Supremes at Earl's All-You-Can-Eat (Moore) - Book Reviews

Book Reviews
Edward Kelsey Moore knows how to write a terrific, complex, believable, and always intriguing story.
Zetta  Brown - New York Journal of Books


Funny and tenderhearted...Moore expertly combines tragedy and comedy in a way that feels fluid and natural, creating a world that is internally consistent and rich.... Perhaps the most remarkable quality of The Supremes is love—the author’s love for his characters, even the most flawed, shines from every page.
Ilana Teitelbaum - Shelf Awareness
 

The indefatigable trio of Barbara Jean, Clarice, and Odette (known as "The Supremes" since high school) churns the small community of Plainview, Indiana into a Southern-fried tailspin this debut from Moore, a professional cellist. Each of the central characters brings unique challenges to the tables at Earl’s diner: Odette battles cancer while her pothead mother communicates with famous ghosts; Clarice tries to salvage a crumbling marriage with her cheating husband; and beautiful Barbara Jean, who married for money, drinks to forget a youthful affair and her dead son.

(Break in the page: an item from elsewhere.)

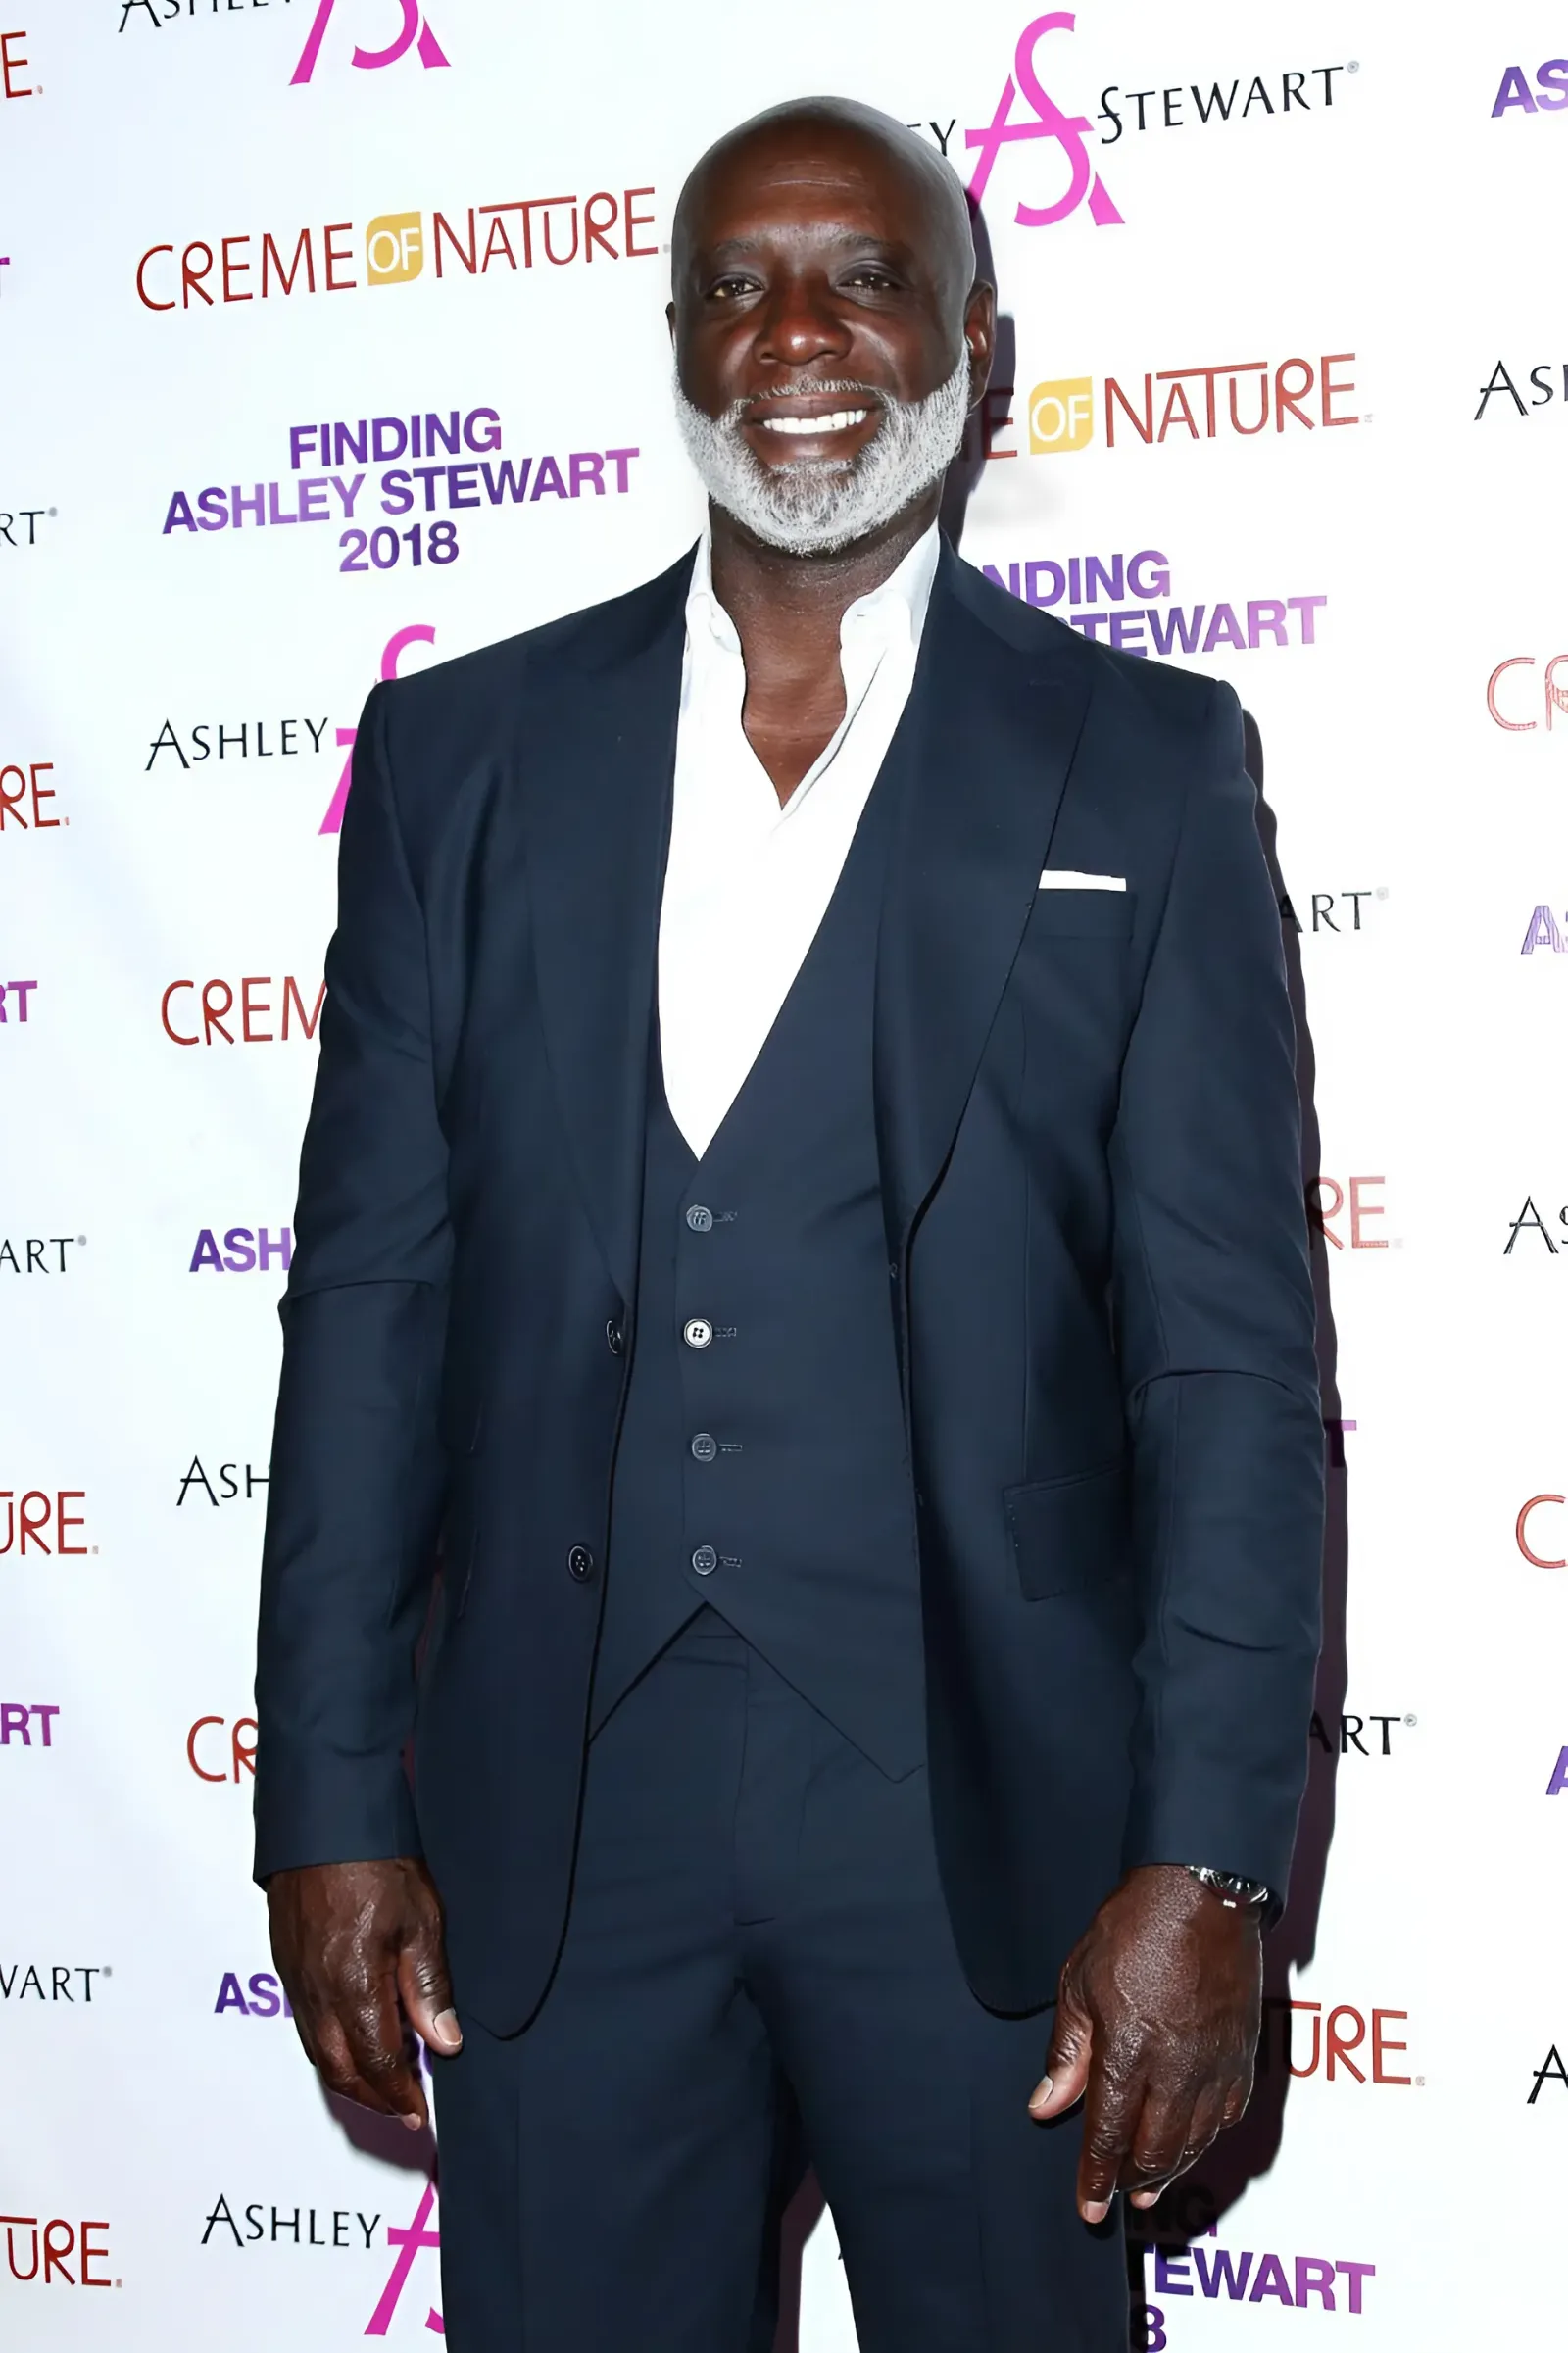 RHOA Alum Peter Thomas Facing Up to 5 Years in Prison Over Unpaid Taxes in the Millions as He Speaks Out After Taking Plea Deal

In a booth at Earl’s All-You-Can-Eat, a short walk from Calvary Baptist Church, these women lay bare their passions, shortfalls, and dramas.... Moore’s take on this rowdy troupe of outspoken, lovable women has its own distinctive pluck.
Publishers Weekly


In the mid-Sixties, three black teenage friends—Odette, Clarice, and Barbara Jean—start meeting at Earl's All-You-Can-Eat, the first black-owned business in Plainview, IN. Watched over by Earl, they keep meeting there for 40 years. Comparisons to The Help, Waiting To Exhale, and Fried Green Tomatoes....
Library Journal


[T]hree close friends from Plainview, Ind., who, from their adolescence to their maturity, meet to gossip and consolidate their friendship at a local eatery....and they began calling themselves—and being called by others—the Supremes. The novel opens some 40 years after their salad days.... Through both Odette's narrative and a more neutral third-person perspective, we learn of the trio's personal problems and the rise and fall of their relationships. .... Throughout the Supremes' intertwined stories is one constant—meeting and eating at Earl's All-You-Can-Eat, now run by his son Little Earl, a place where relationships are forged, scandals are aired and copious amounts of chicken are consumed. A novel of strong women, evocative memories and deep friendship.